### Your objective
From the listing that follows, output everything exactly except the pictures.

### Data below
——
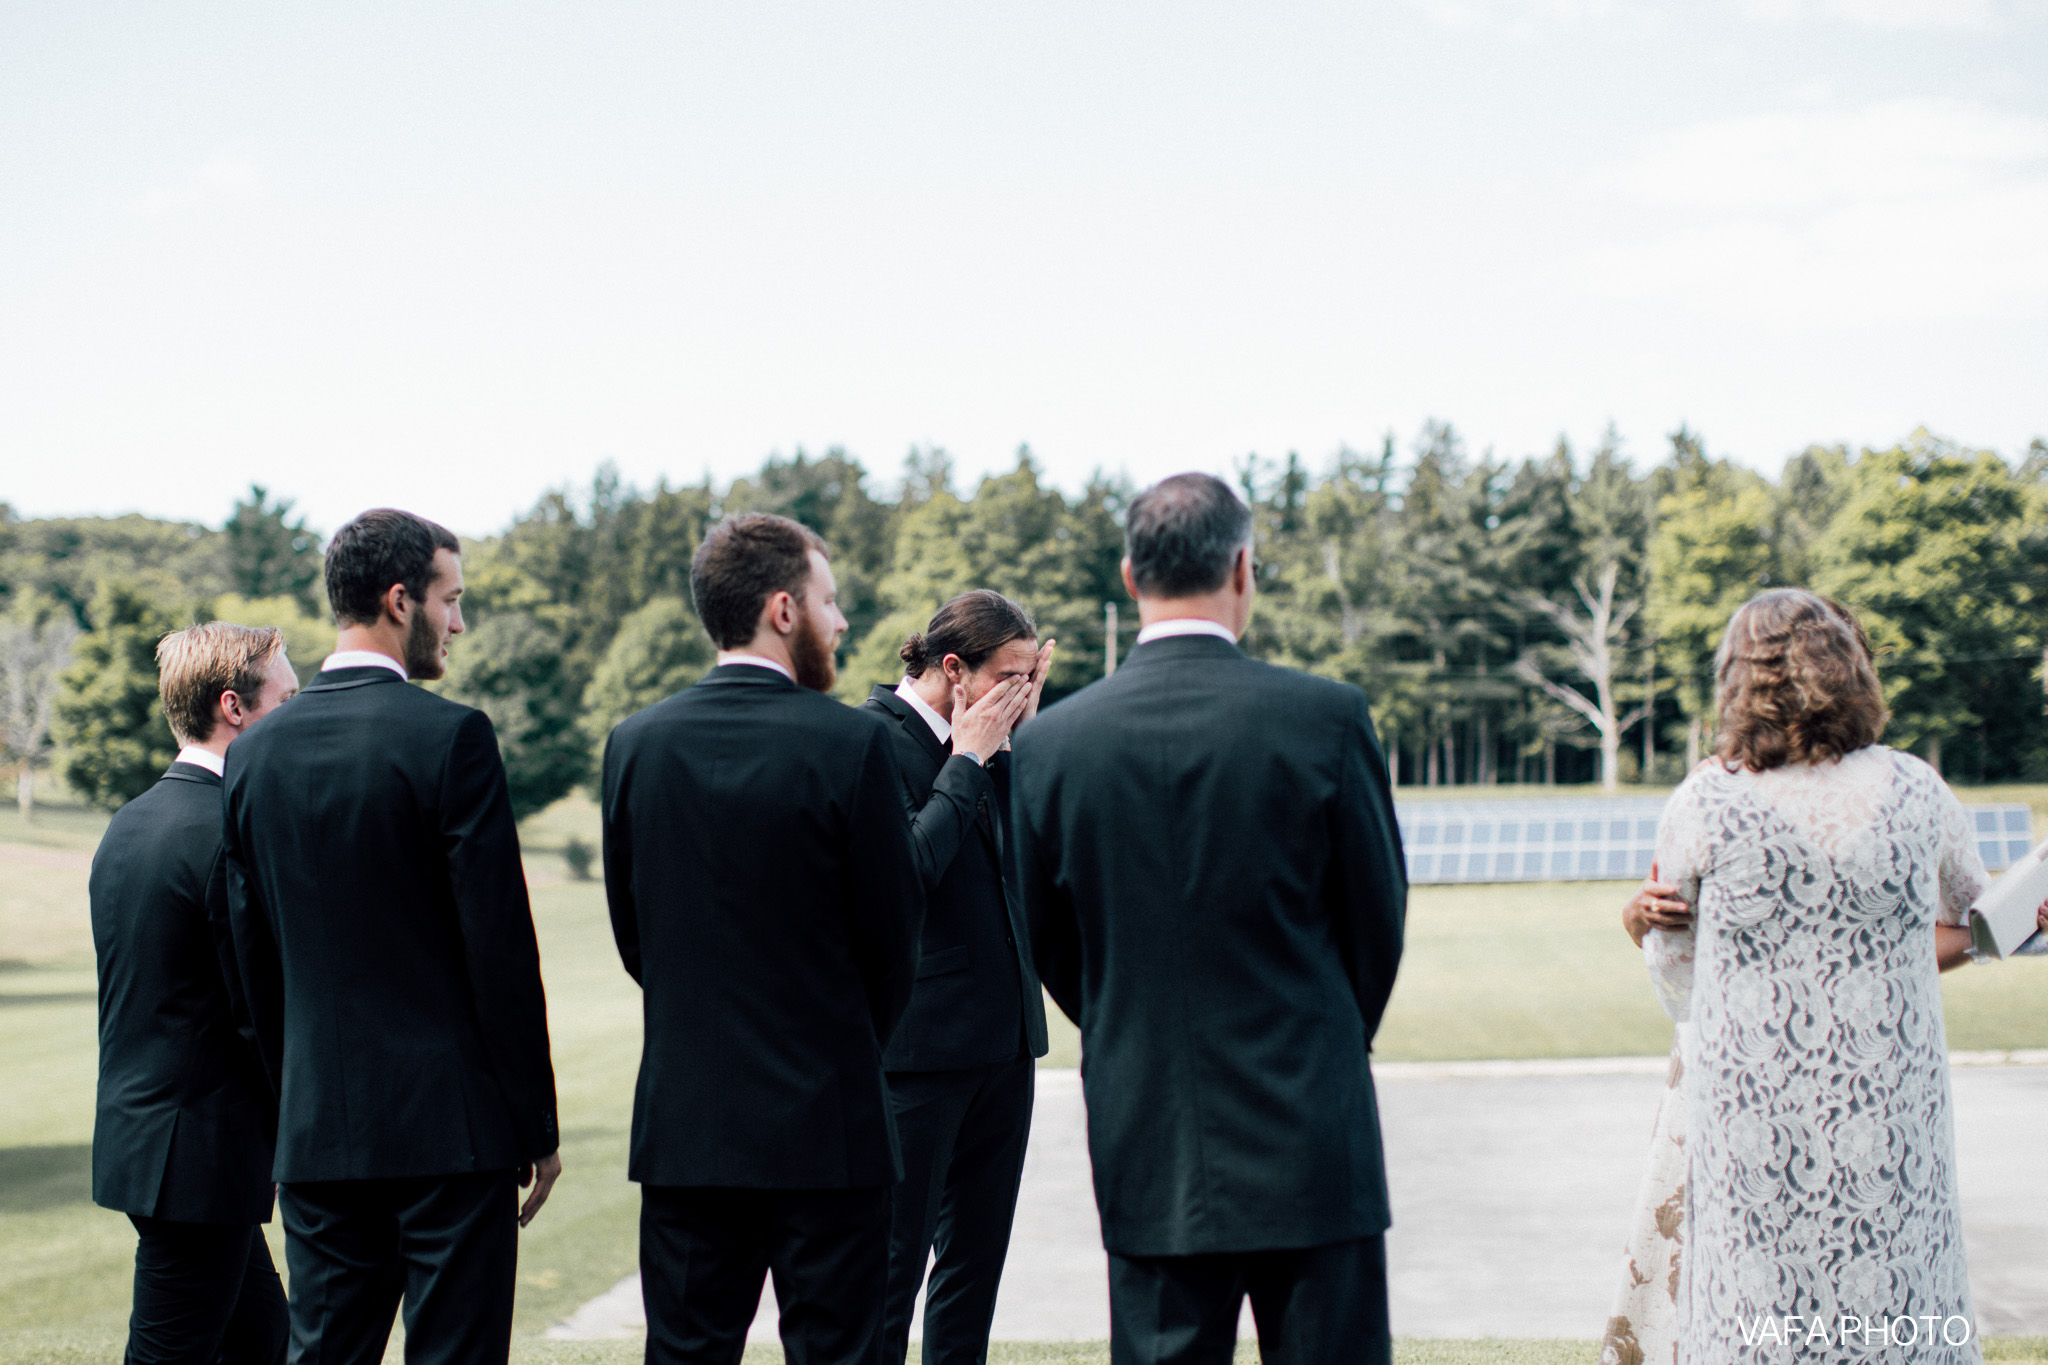 The-Felt-Estate-Wedding-Kailie-David-Vafa-Photo-211.jpg
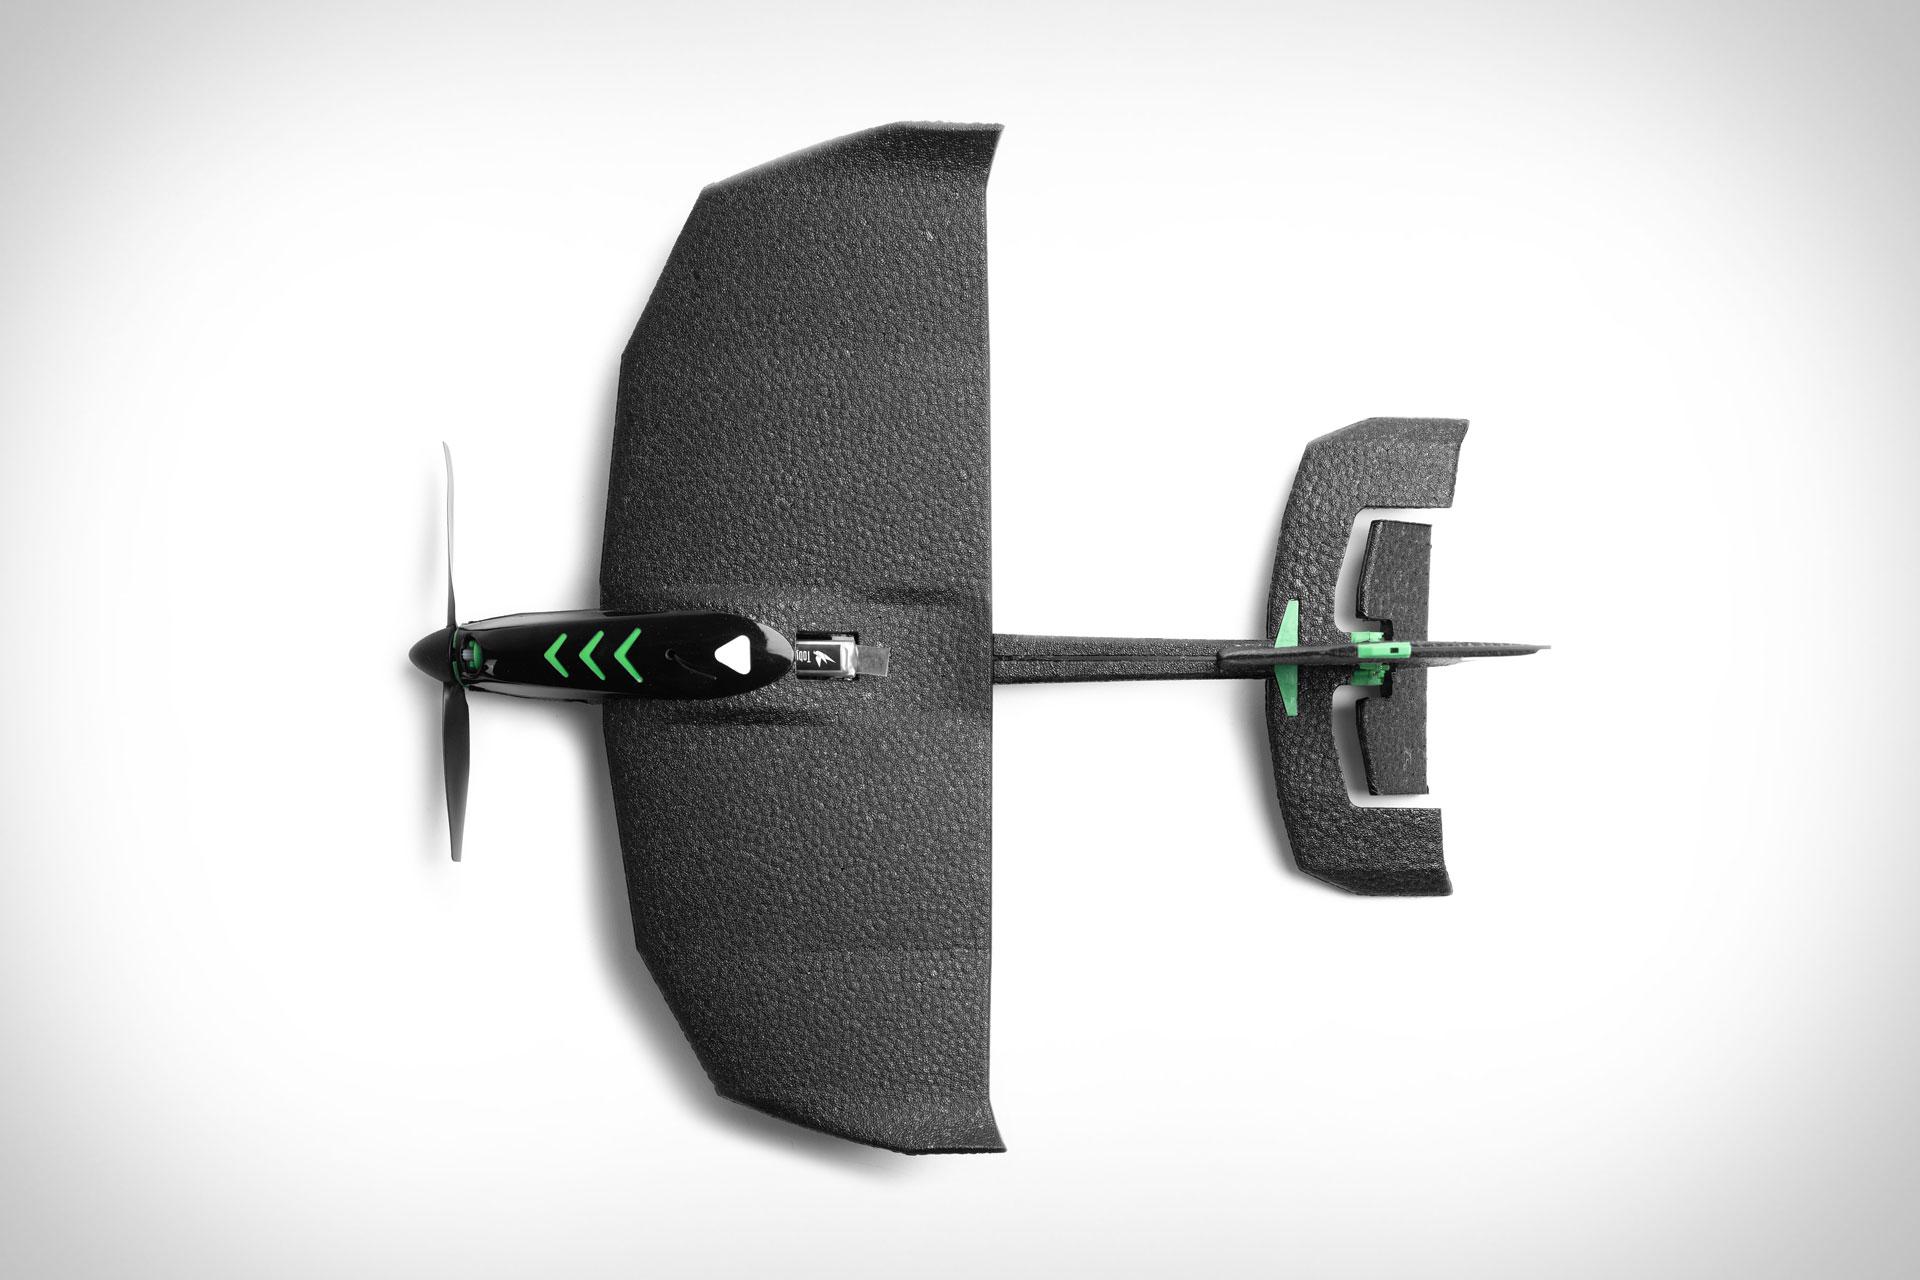 TobyRich SmartPlane Pro Drone
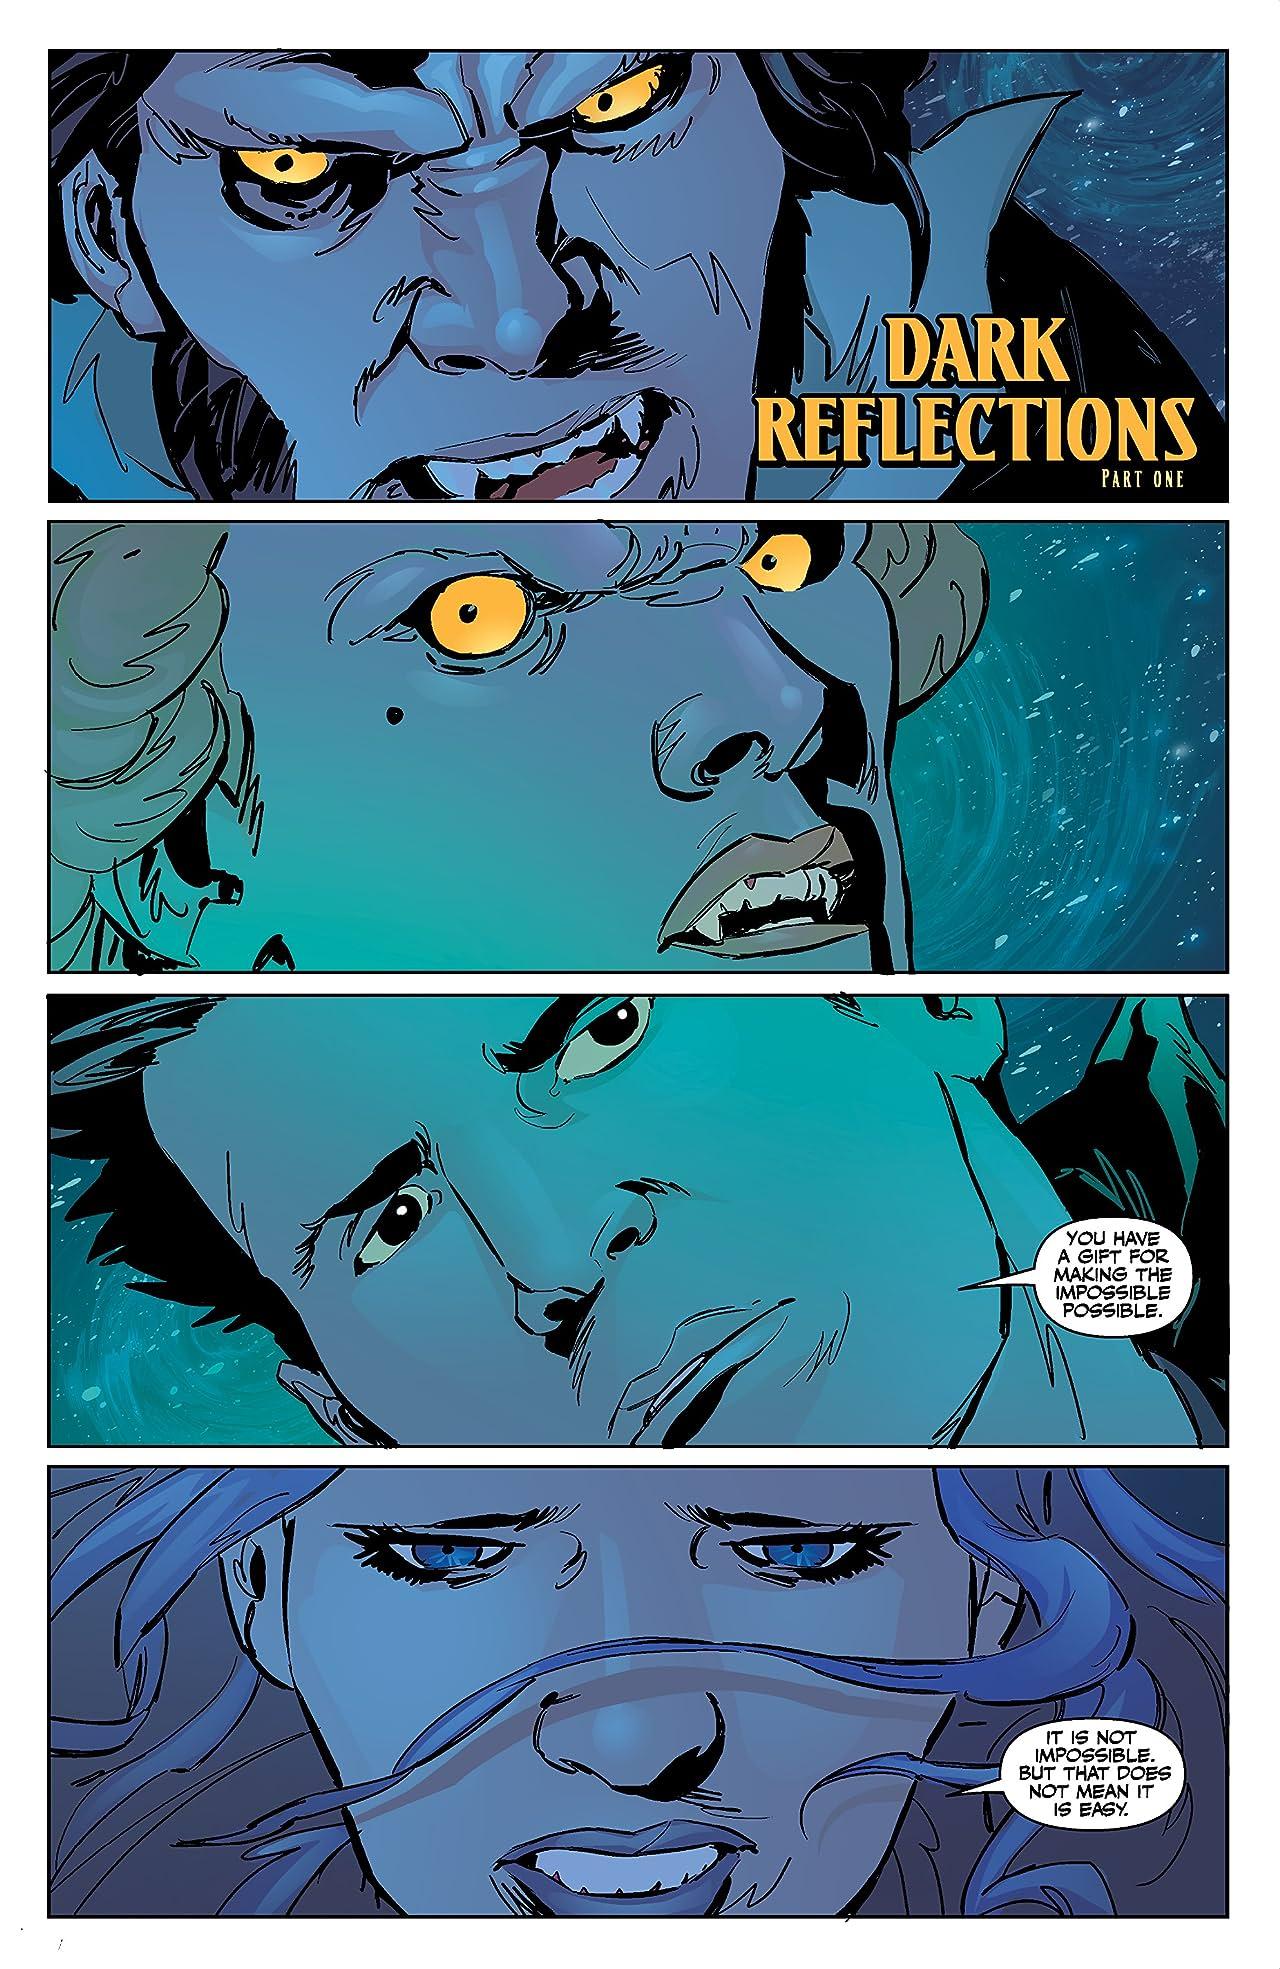 Angel: Season 11 Vol. 3: Dark Reflections
——
### Output for this task
 The-Felt-Estate-Wedding-Kailie-David-Vafa-Photo-211.jpg
 TobyRich SmartPlane Pro Drone
 Angel: Season 11 Vol. 3: Dark Reflections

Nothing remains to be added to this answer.